Re: Very slow planning performance on partition table

From

Rural Hunter

Date:

04 August 2014, 07:23:25

Hi Tom,

Could my problem be a victim of this issue?

http://postgresql.1045698.n5.nabble.com/Planner-performance-extremely-affected-by-an-hanging-transaction-20-30-times-td5771686.html

is the patch mentioned in that thread applied in 9.2.9?

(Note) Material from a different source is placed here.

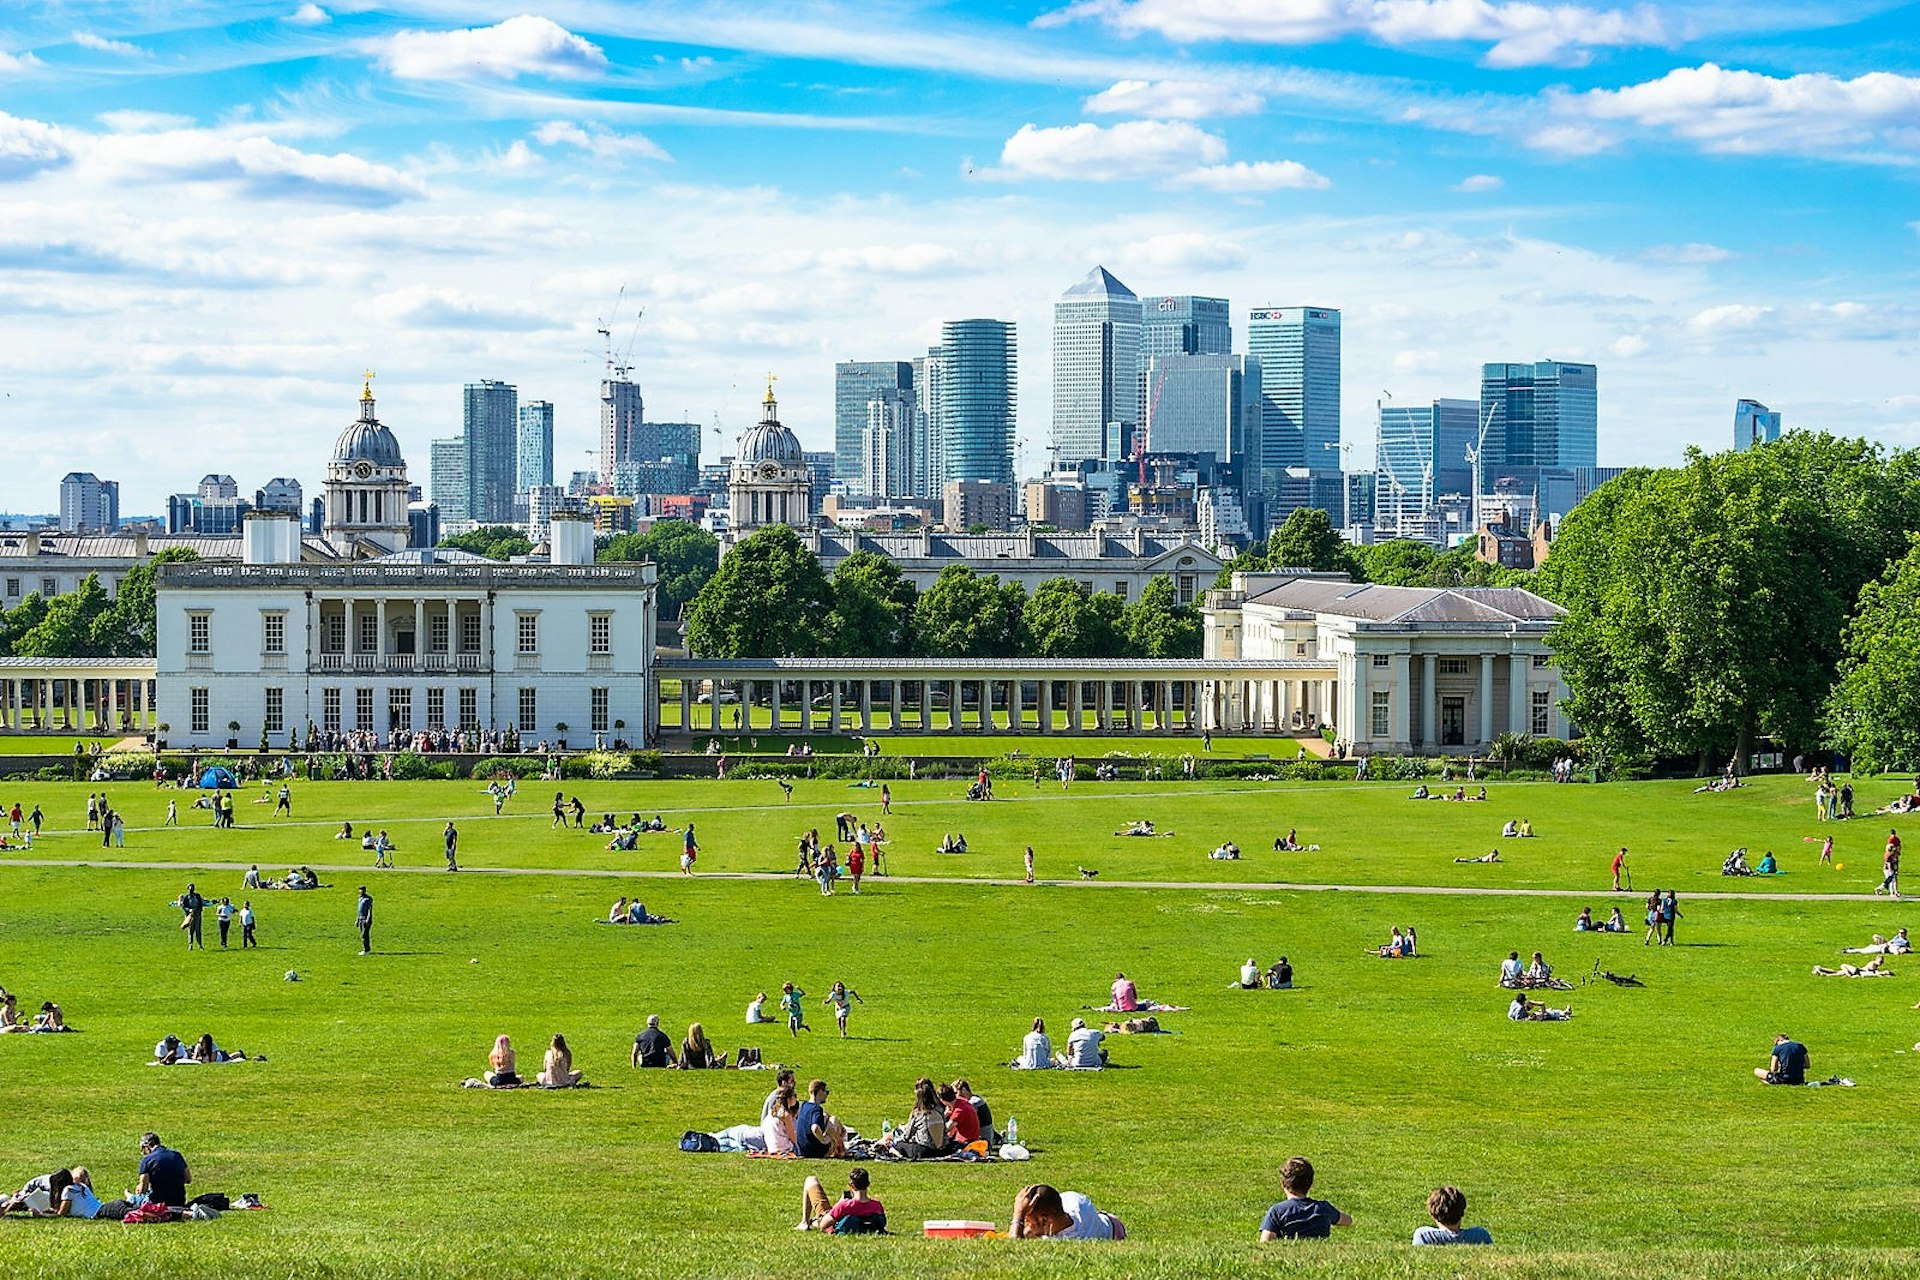 View of Greenwich Park and Docklands from the park's main hill.

Re: Very slow planning performance on partition table

From

Rural Hunter

Date:

04 August 2014, 10:12:48

在 2014/7/30 18:03, Rural Hunter 写道:
> I think I understand what happened now. I have another monitor script
> runs periodically and calls pg_cancel_backend and pg_terminate_backend
> for those hanging update sqls. However for some unkown reason the
> cancle and termiante command doesn't work at pgsql side for those
> update sqls.
>
With the log of the monitor&kill scipt, I can confirm that the
CLOSE_WAIT is not caused by it. I logged the netstat before actually
doing the kill and found the CLOSE_WAIT connections were already there.
So it must be something else caused the CLOSE_WAIT connections.